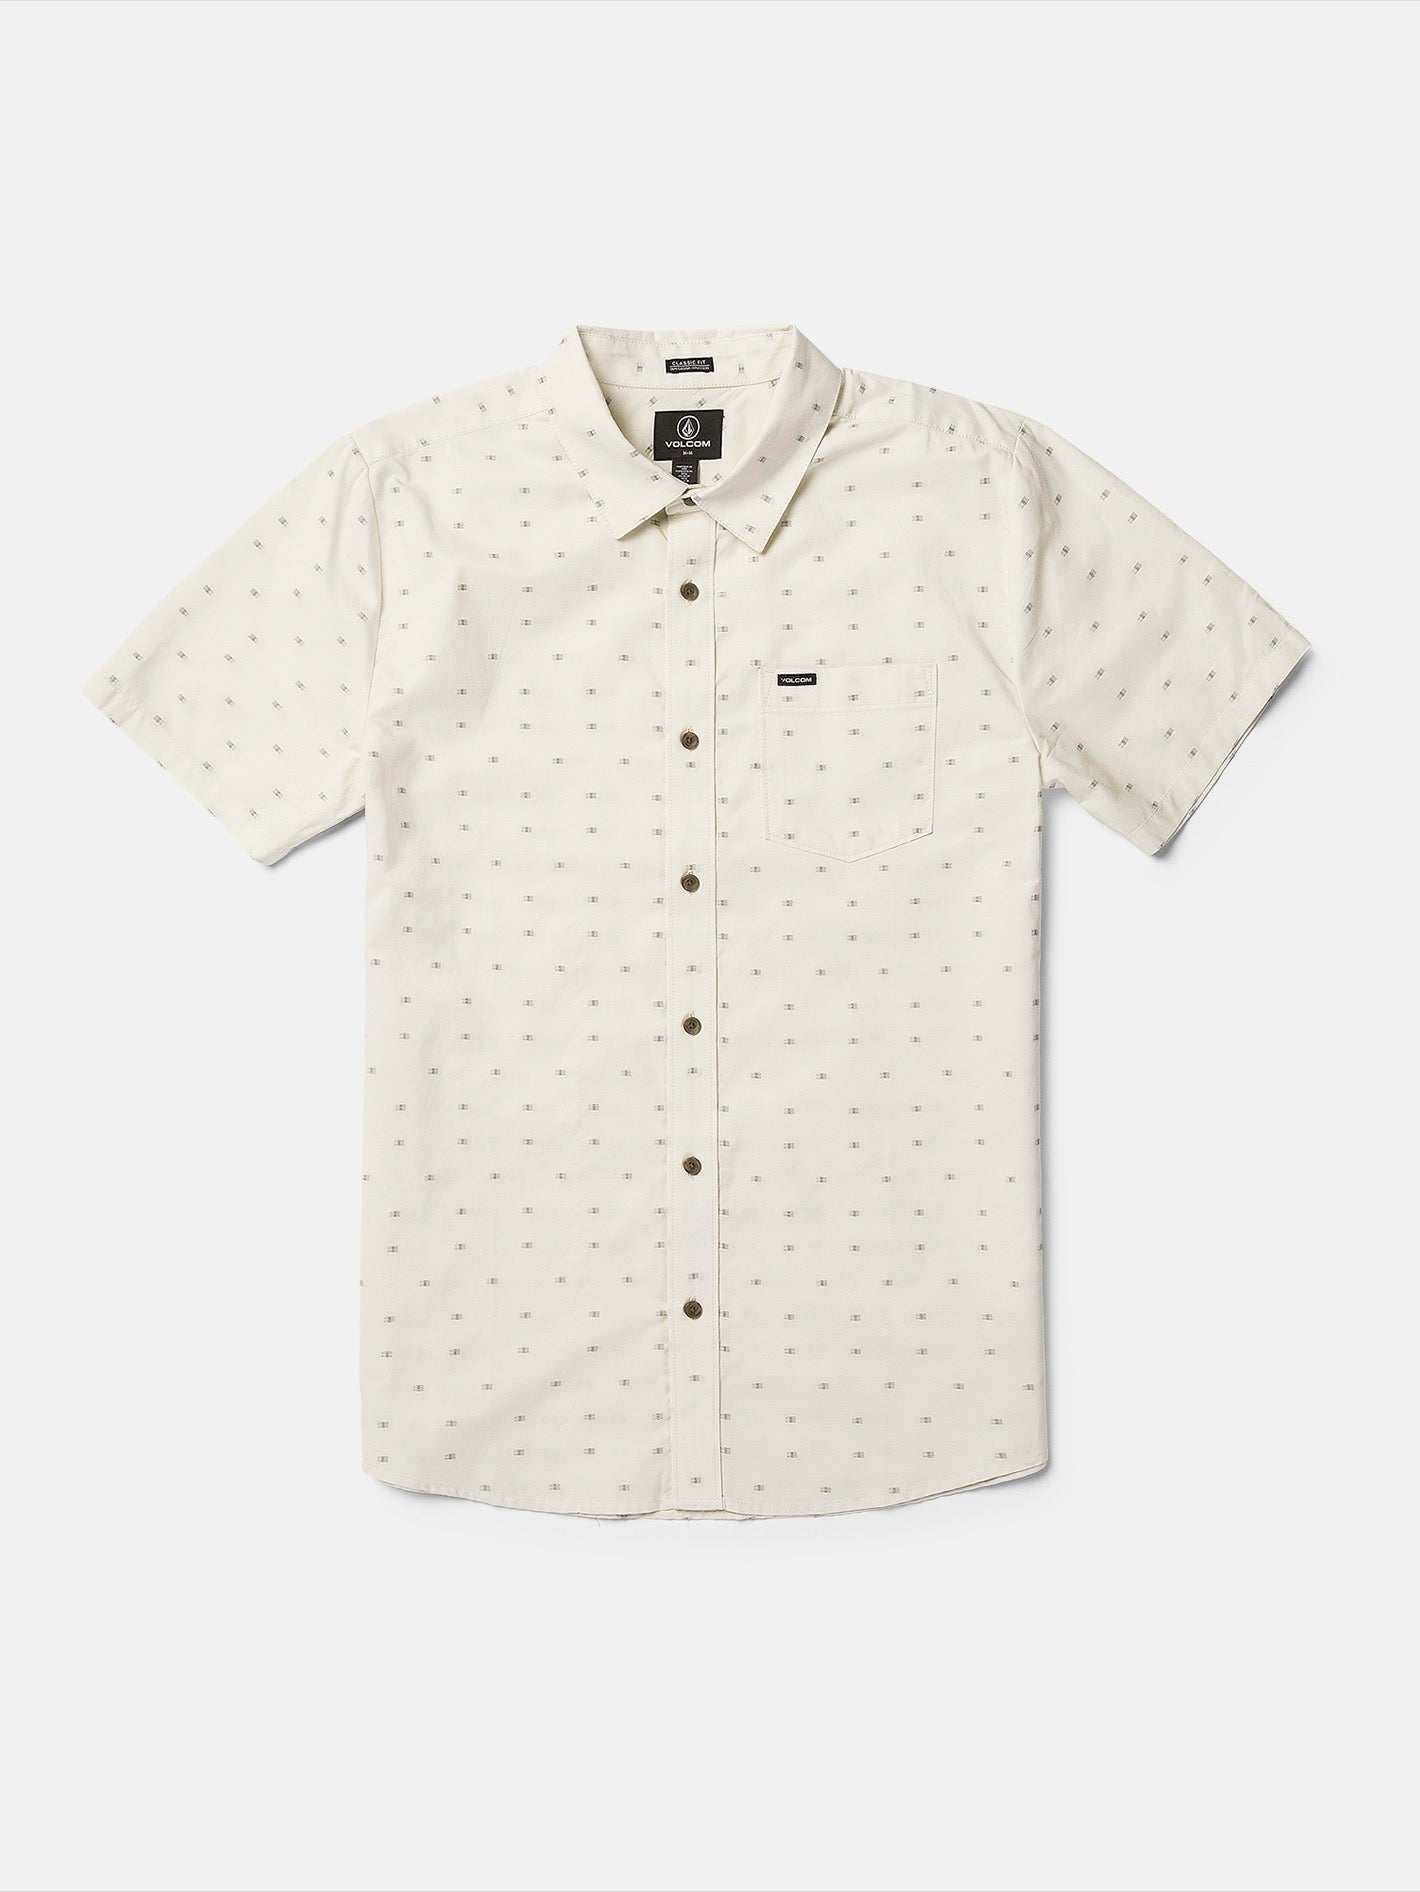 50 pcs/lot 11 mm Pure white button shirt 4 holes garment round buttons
^^^^
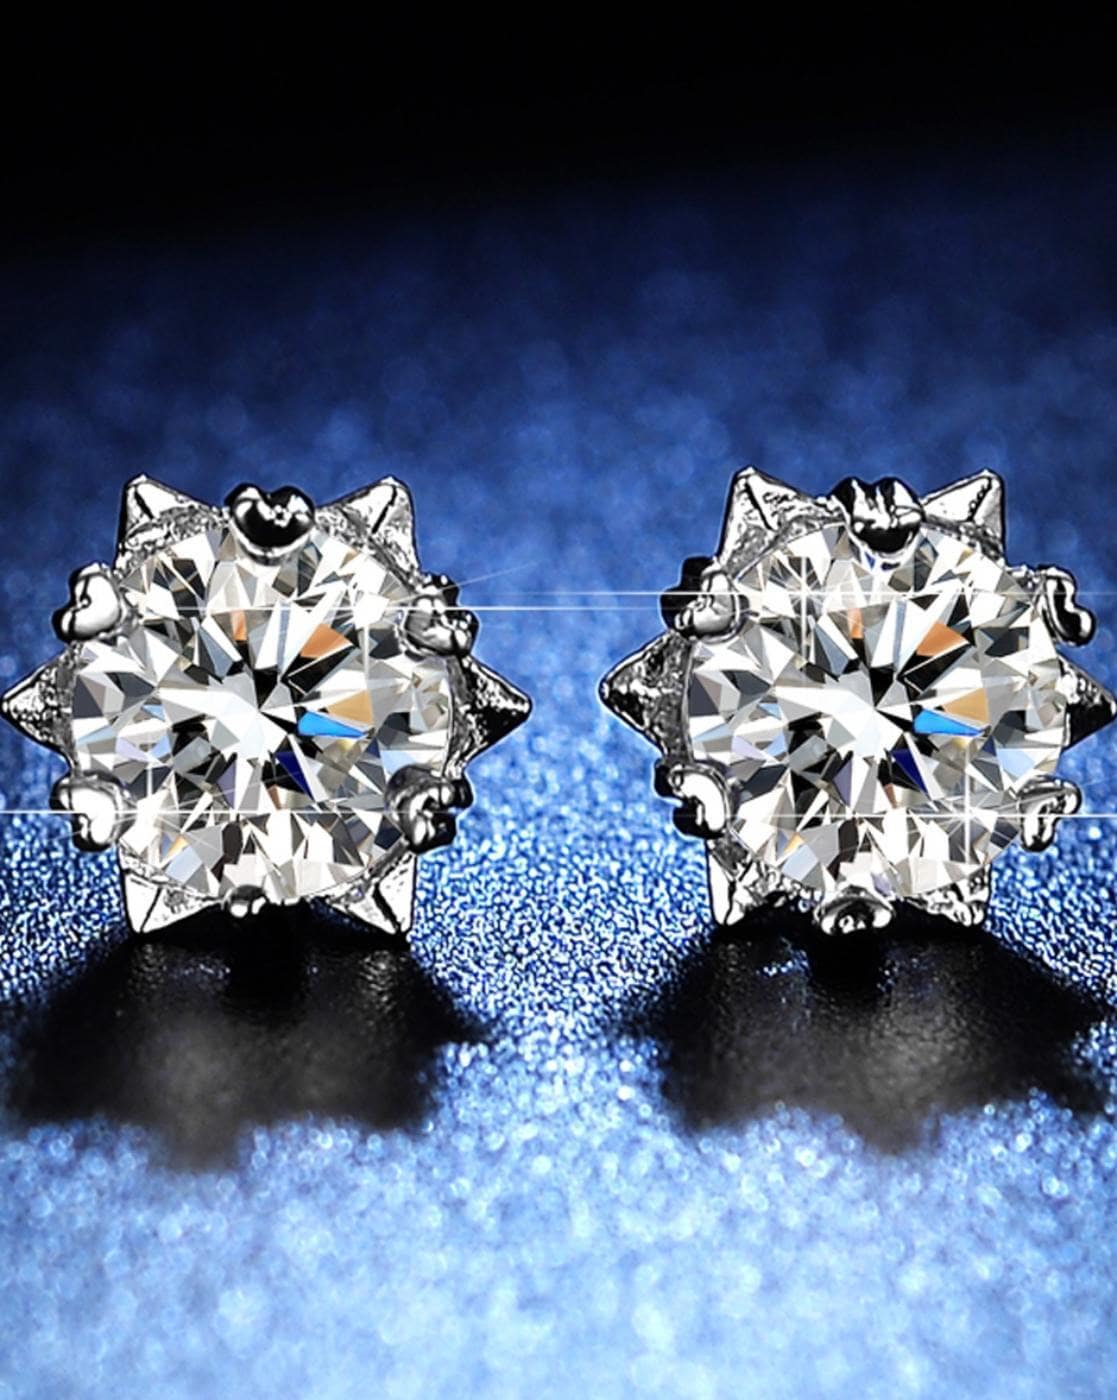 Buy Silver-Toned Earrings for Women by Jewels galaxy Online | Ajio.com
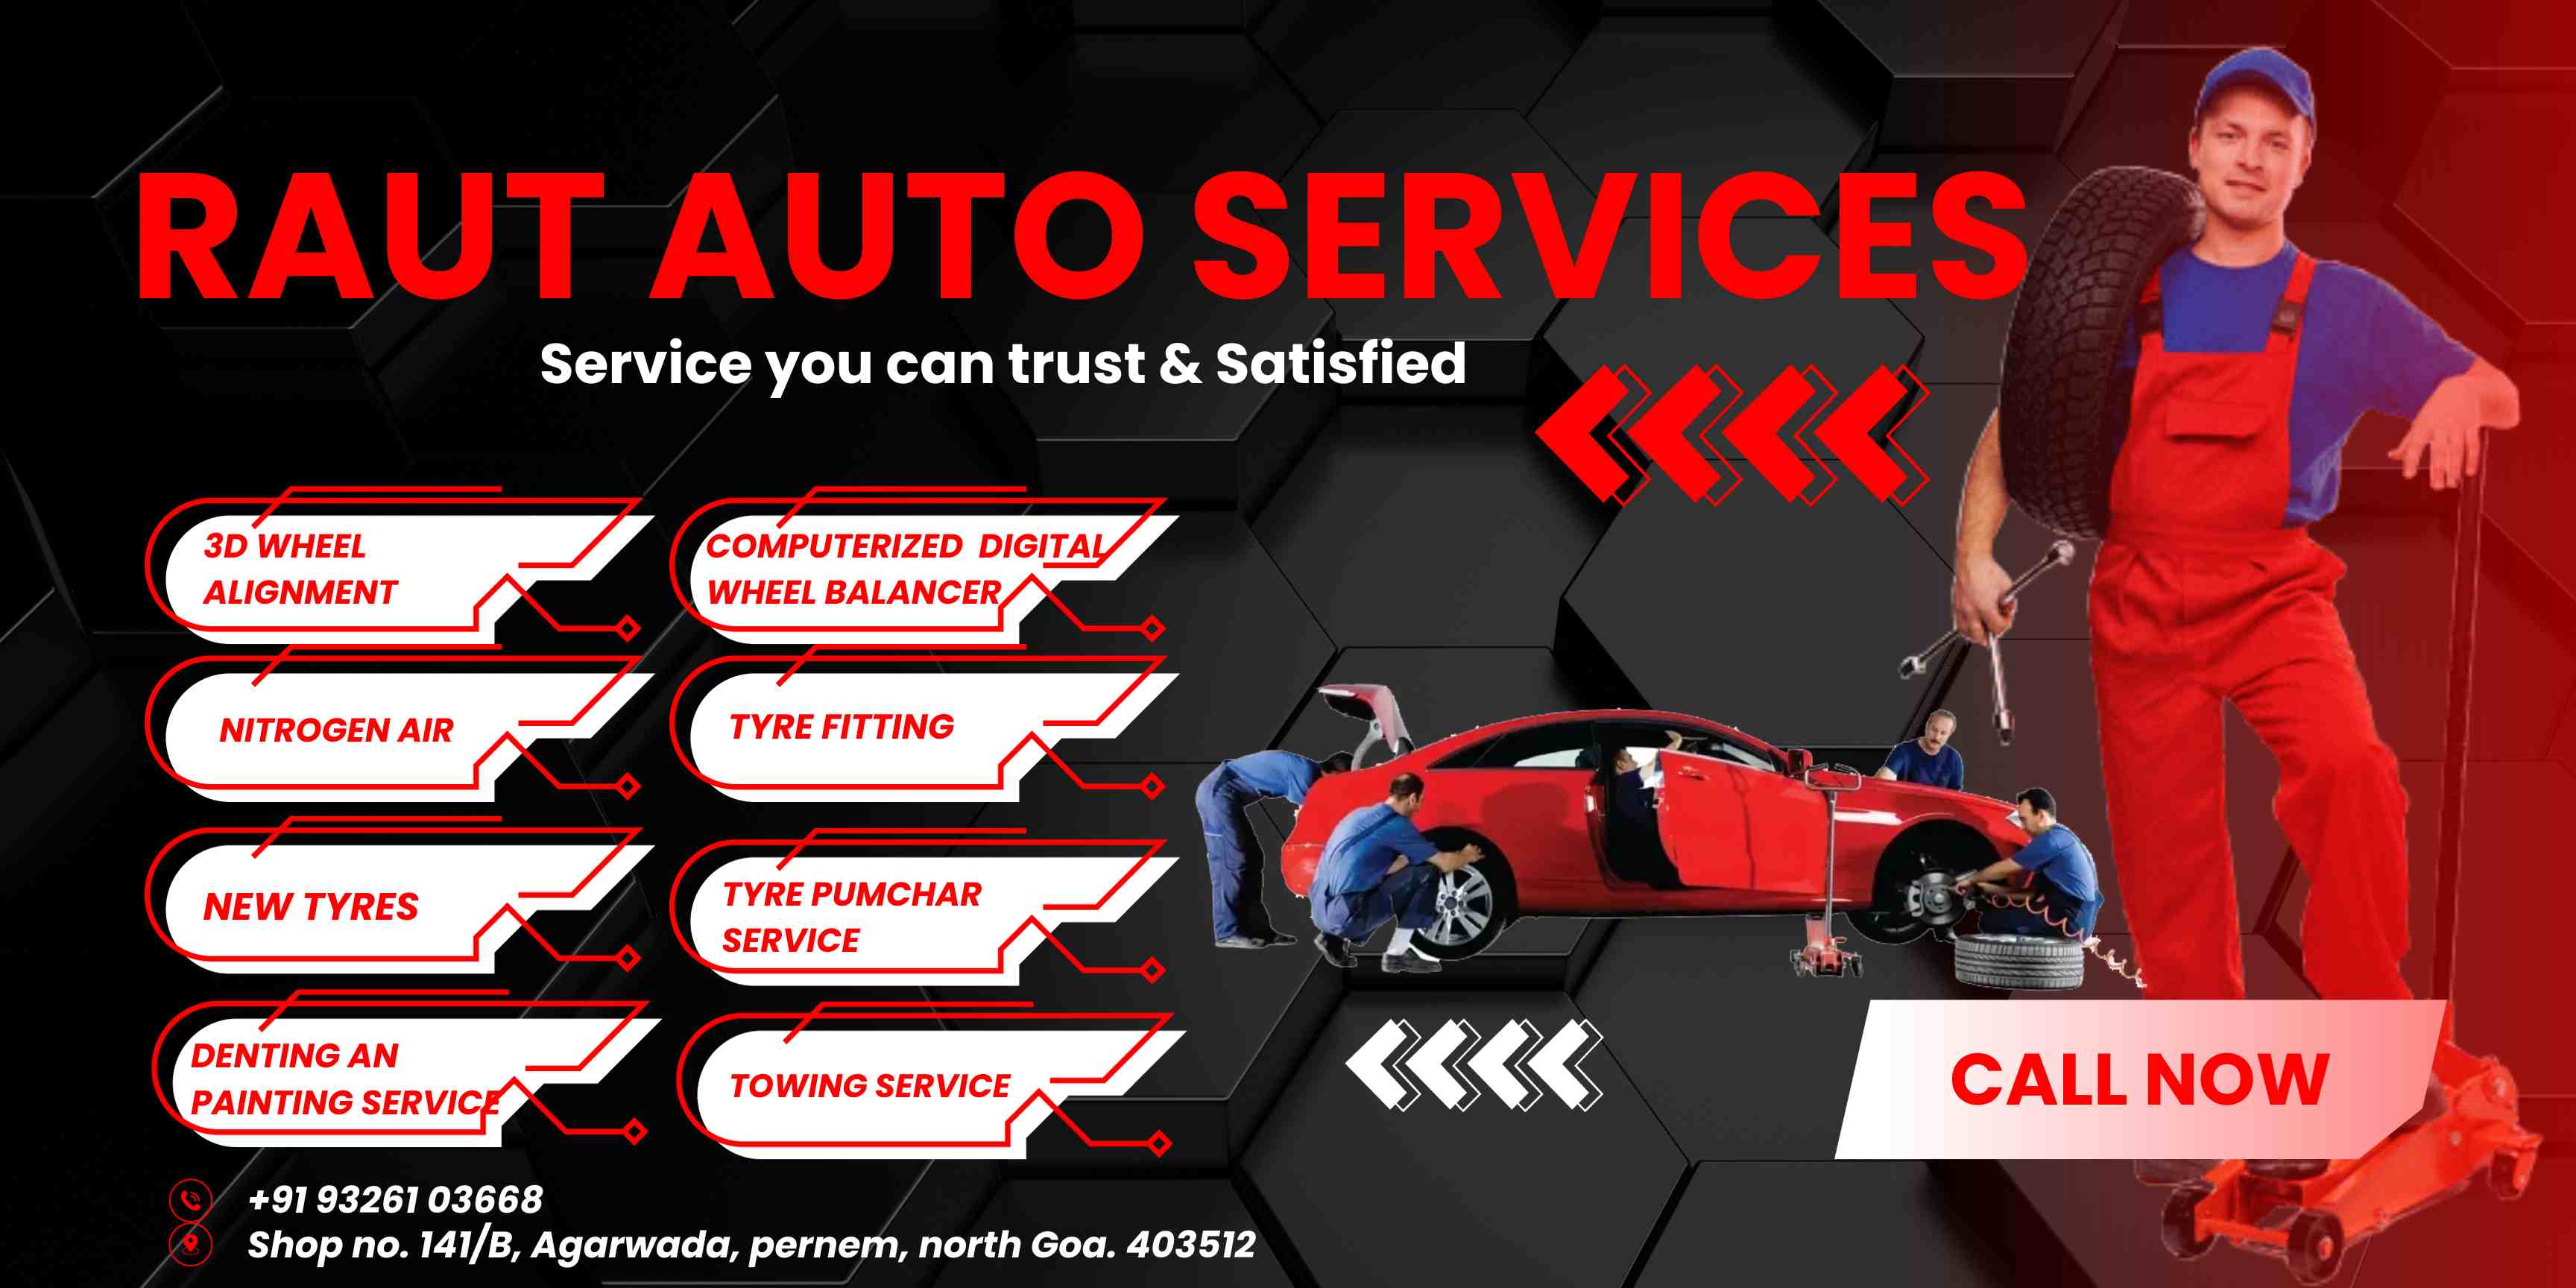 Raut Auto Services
^^^^
Starting at the line containing "Buy Silver-Toned Earrings" and stopping at the line containing "Raut Auto Services", output every line above exactly, both ends included, with pictures omitted.

== Response below ==
 Buy Silver-Toned Earrings for Women by Jewels galaxy Online | Ajio.com
 Raut Auto Services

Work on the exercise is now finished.